Lord Howe, Chris Patten and many of the great and good (old and stubborn) of the Tory party are determined to fly the flag for Europe and against William Hague by getting in a basket together and taking off round the world. As they don't know where they will land, they are taking pounds 3,000 in 20 different currencies with them, which can also be used as ballast. "I wouldn't be surprised if `Throw out pounds 50 in Hungarian small change!' didn't become a new music hall catchphrase!" says Lord Howe.

The Two Fat Ladies Balloon

The first cookery programme to go round the world in a balloon with a side-car, The Two Fat Ladies Balloon will descend here and there, and cause consternation as two fat ladies disgorge themselves from the gondola and tell the locals they're cooking it all wrong. This will be the largest balloon going round the world, as it will be carrying so much extra bulk. (Mostly flour, butter and olive oil.)

The Princess Diana Memorial Balloon.

Earl Spencer has announced that in response to zillions of requests, he has decided in Diana's memory to send a balloon shaped like a temple round the world so that people of all nations can worship her name as she passes. The balloon will not be manned, but people can throw in flowers as it passes, preferably non-rotting. Before take-off, you may visit the site but only be able to see the balloon from half a mile away. Phone Earl Spencer for more details.

The Start The Week Balloon

Melvyn Bragg is hoping to make a serious attempt to discover if, by taking a group of thinkers round the world, you can talk your way into discovering the origins of everything before you have come back. The experts in the balloon will include a geneticist, a leading novelist, a man who is giving a lecture at the Royal Geographical Society this Wednesday, and a rather pretty girl from one of the newspapers, who will be thrown out if things get rough.

The Royal Opera House Balloon

While Covent Garden is closed and being refurbished, low budget productions will be toured from this balloon. Unfortunately, the cost of installing all the governors, VIPs, corporate hospitality, etc means that it is already horrendously over-budget.

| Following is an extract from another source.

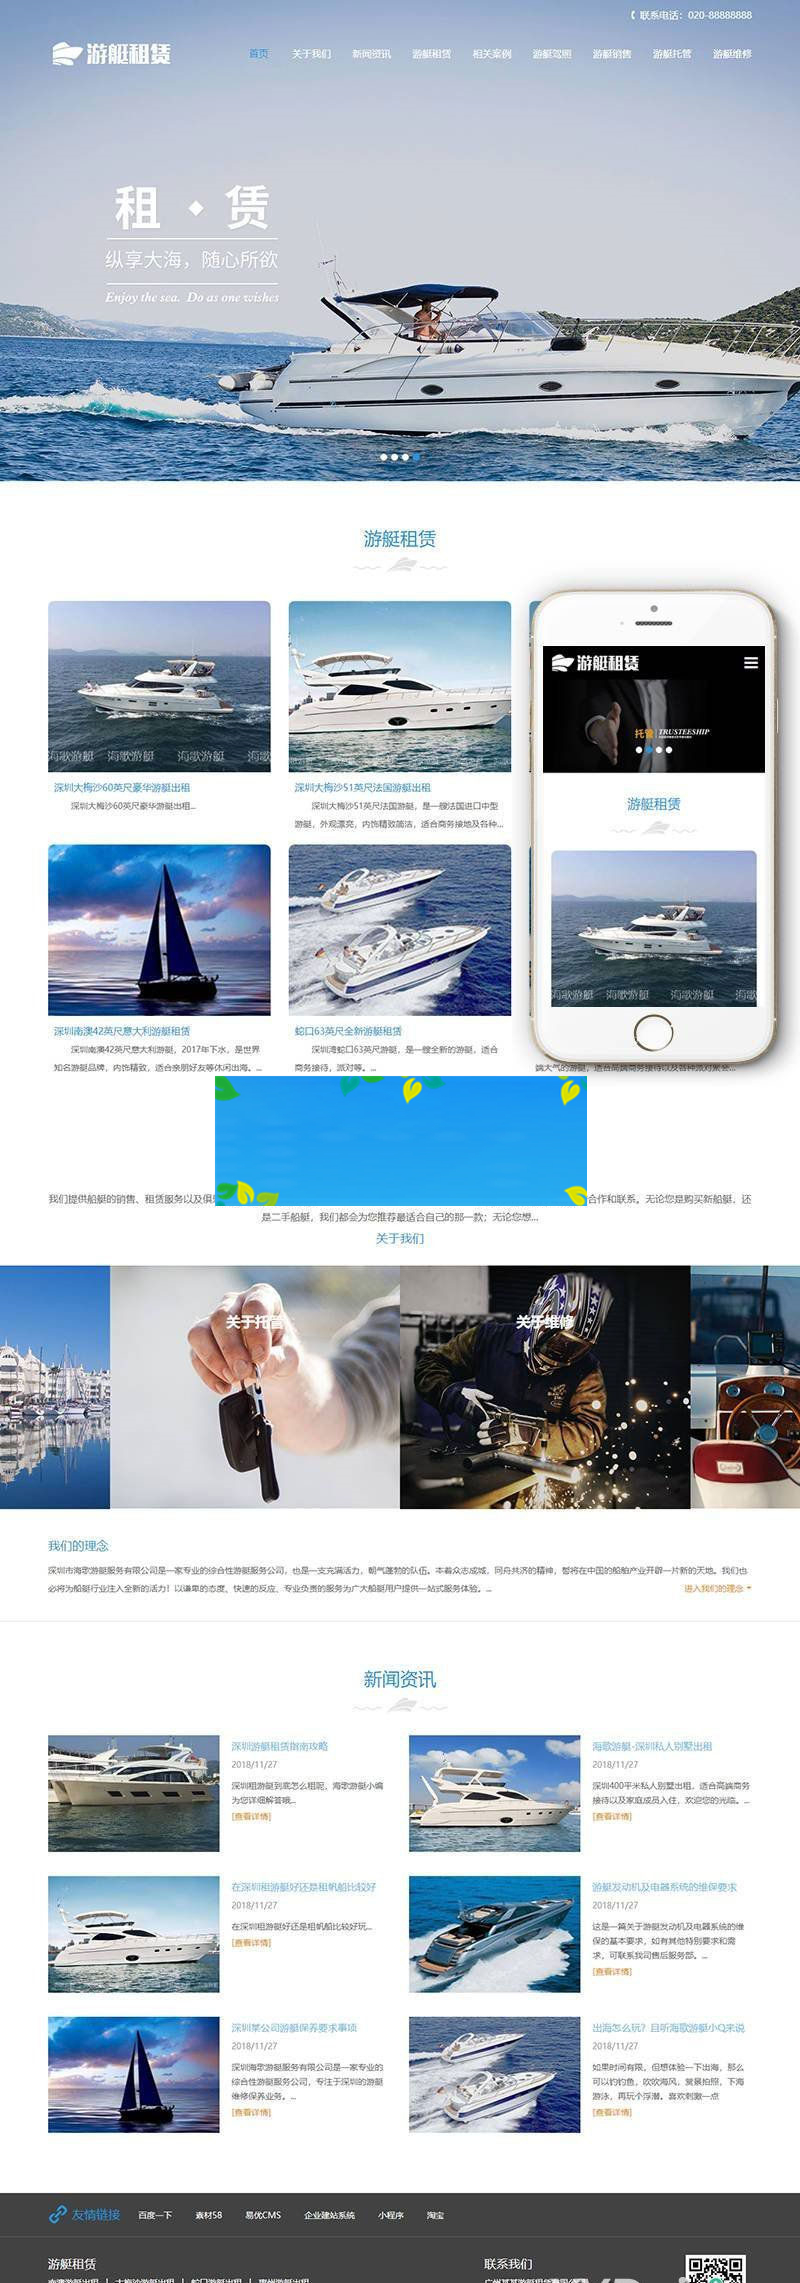 织梦dedecms相应式游艇租赁公司网站模板(自顺应手机移动端)-零度空间

Perhaps they will just take a lieder recital on tour after all.

The Spin Doctor Balloon

Built in the shape of a Dome, this structure will take 10 spin doctors round the world, who intend to land everywhere there is adverse comment about the balloon and demand that the record be put straight. The fact that I have already had two pained phone calls from Peter Mandelson since I started writing this paragraph shows how serious they are.

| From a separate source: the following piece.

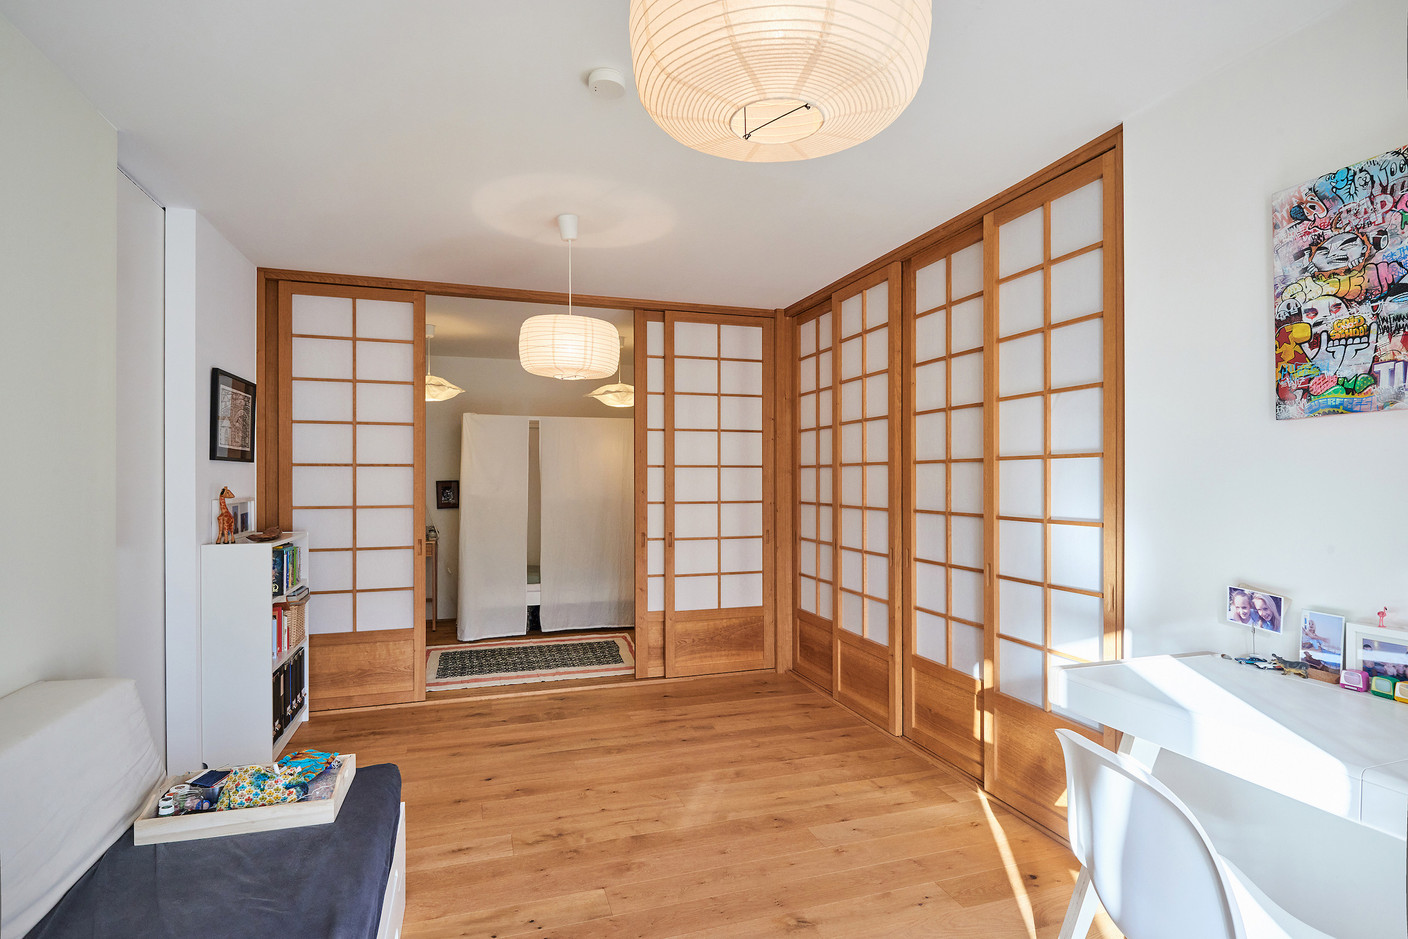 Au rez-de-chaussée, un espace à l’esprit minimaliste sert de pièce multifonctionnelle. Derrière des parois coulissantes d’inspiration japonaise se dissimulent buanderie, chambres des enfants, placards… (Photo: Andrés Lejona/Maison Moderne)

Lord Lichfield and the Most Beautiful Girls in The World

Nice to see this veteran lot in action again. Responsible for some of the most popular garage calendars of recent years, they aim to produce the ultimate - a series of photographs taken at altitudes too high for champagne to be safely air-lifted. "We may be reduced to Chateau Margaux," quips the light-hearted Lord. "See you again in 12 months!"